On Friday 4 October 2019, Jamz Supernova was announced as the new presenter.

Audience and global reach
With an audience estimated to be in excess of 4 million listeners, Selector is syndicated to over 30 countries around the world including Mexico, China, Malawi, Cuba, Spain and Ukraine.

Content and production
Each edition of Selector Radio includes a guest DJ mix.  The show regularly features interviews and live sessions. Guests have included  Tinie Tempah, Metronomy, Ghostpoet, Jessie Ware, Foreign Beggars, Egyptian Hip Hop, Chvrches, Errors, Daughter, Smoke Fairies and Dog Is Dead.

Selector Radio is produced by Folded Wing, an independent production company, based in Hackney, London. The show was produced by Somethin' Else until 2010. The show is produced by Cassidy Baille. Pete Linney is Executive Producer.

Awards

 In 2015, Selector Radio won World's Best Online Music Radio Show at the Mixcloud Awards. 
 In 2005 Selector received a gold award at the Sony Radio Academy Awards for Weekly Music Show Of The Year.
 In 2011 Selector was named 'International Radio Show of the Year' at the International Radio Festival in Zurich and won bronze for Best Regularly Scheduled Music Program at the New York Festivals Awards.

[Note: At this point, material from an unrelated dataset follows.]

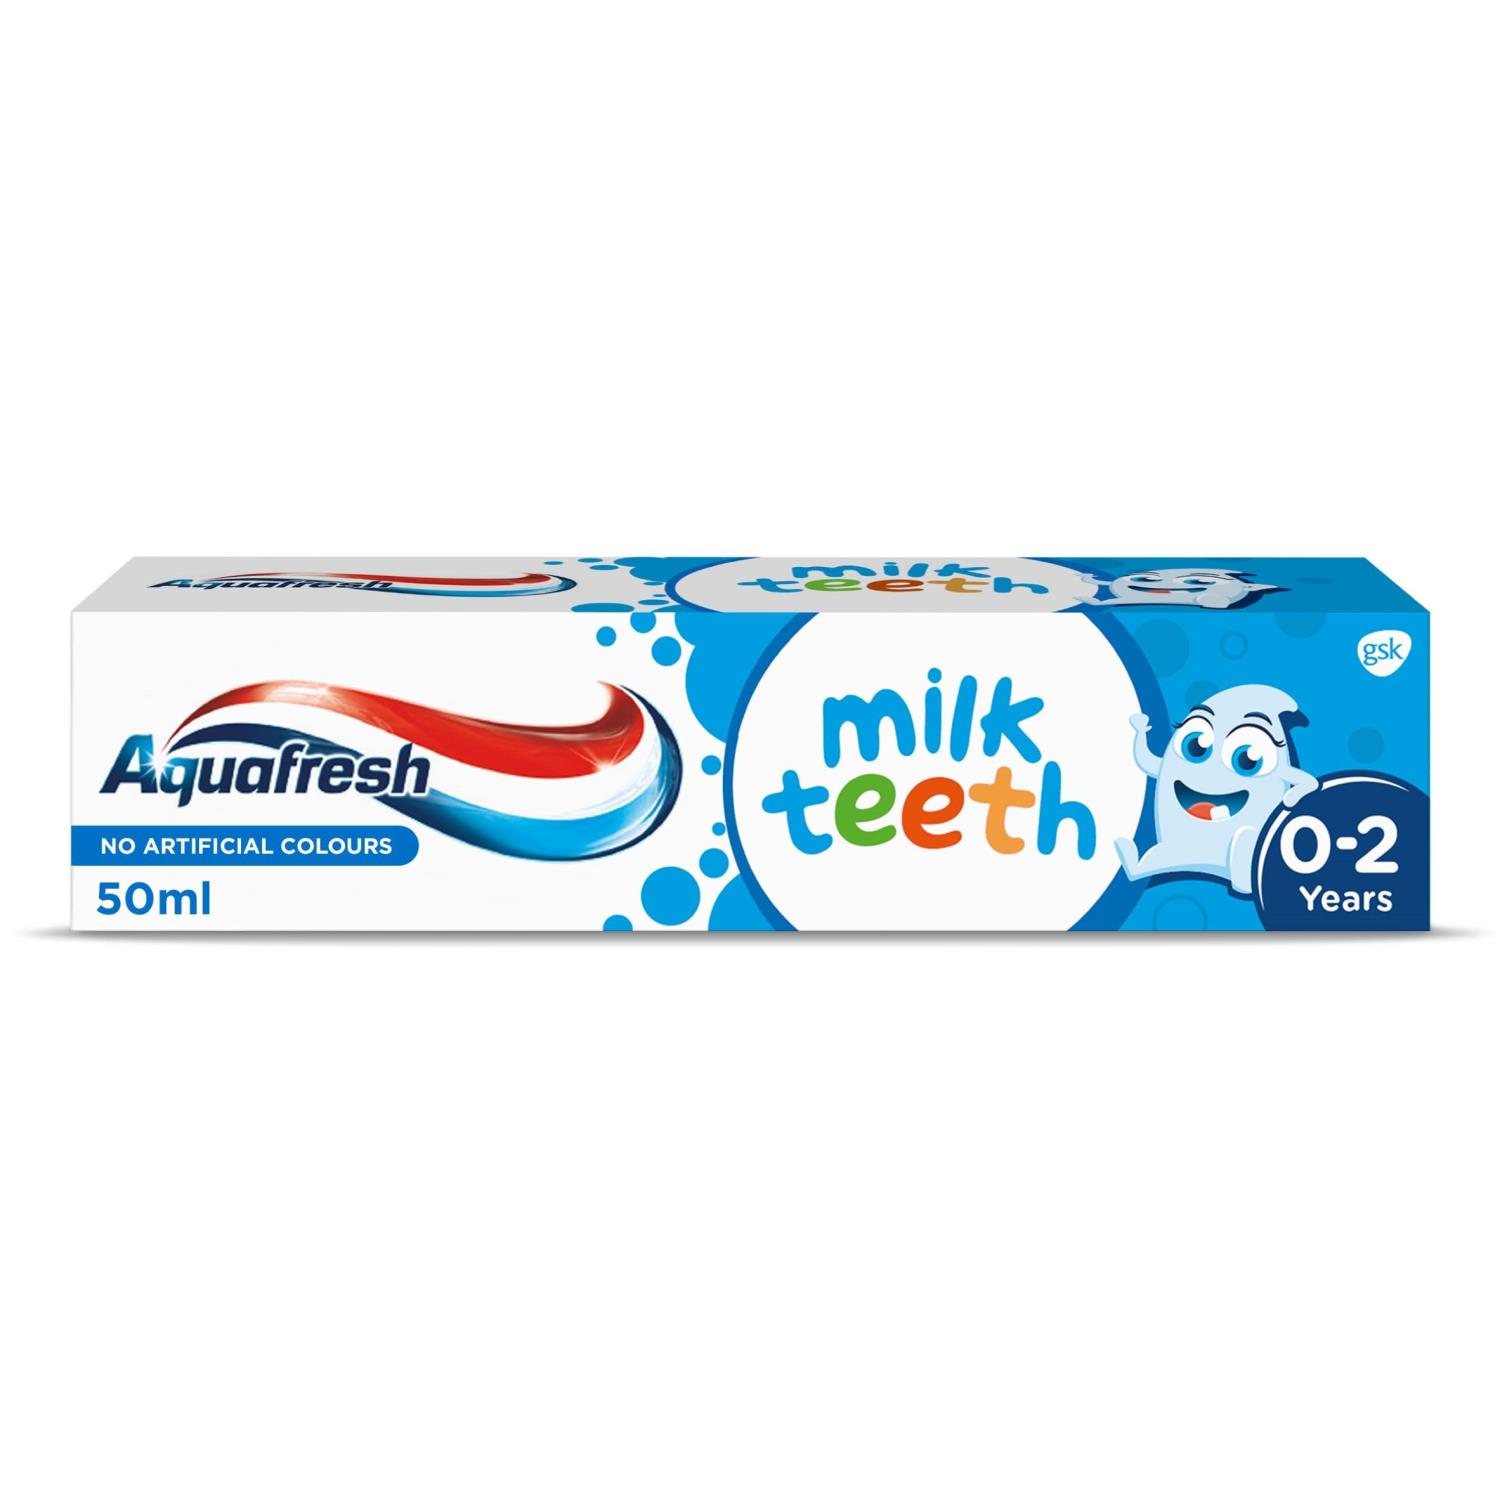 Aquafresh Toothpaste Milk Teeth 0-2 Years 50ml x 12

Airing and partner radio stations
The English version of Selector Radio is presented by Jamz Supernova

The show airs internationally.  It is also syndicated in a kit form, allowing non-English speaking presenters to create unique versions of the show in their native language. The show is also sometimes recorded overseas – in 2010 it was recorded together with partner stations in Mexico, Mauritius and Kazakhstan.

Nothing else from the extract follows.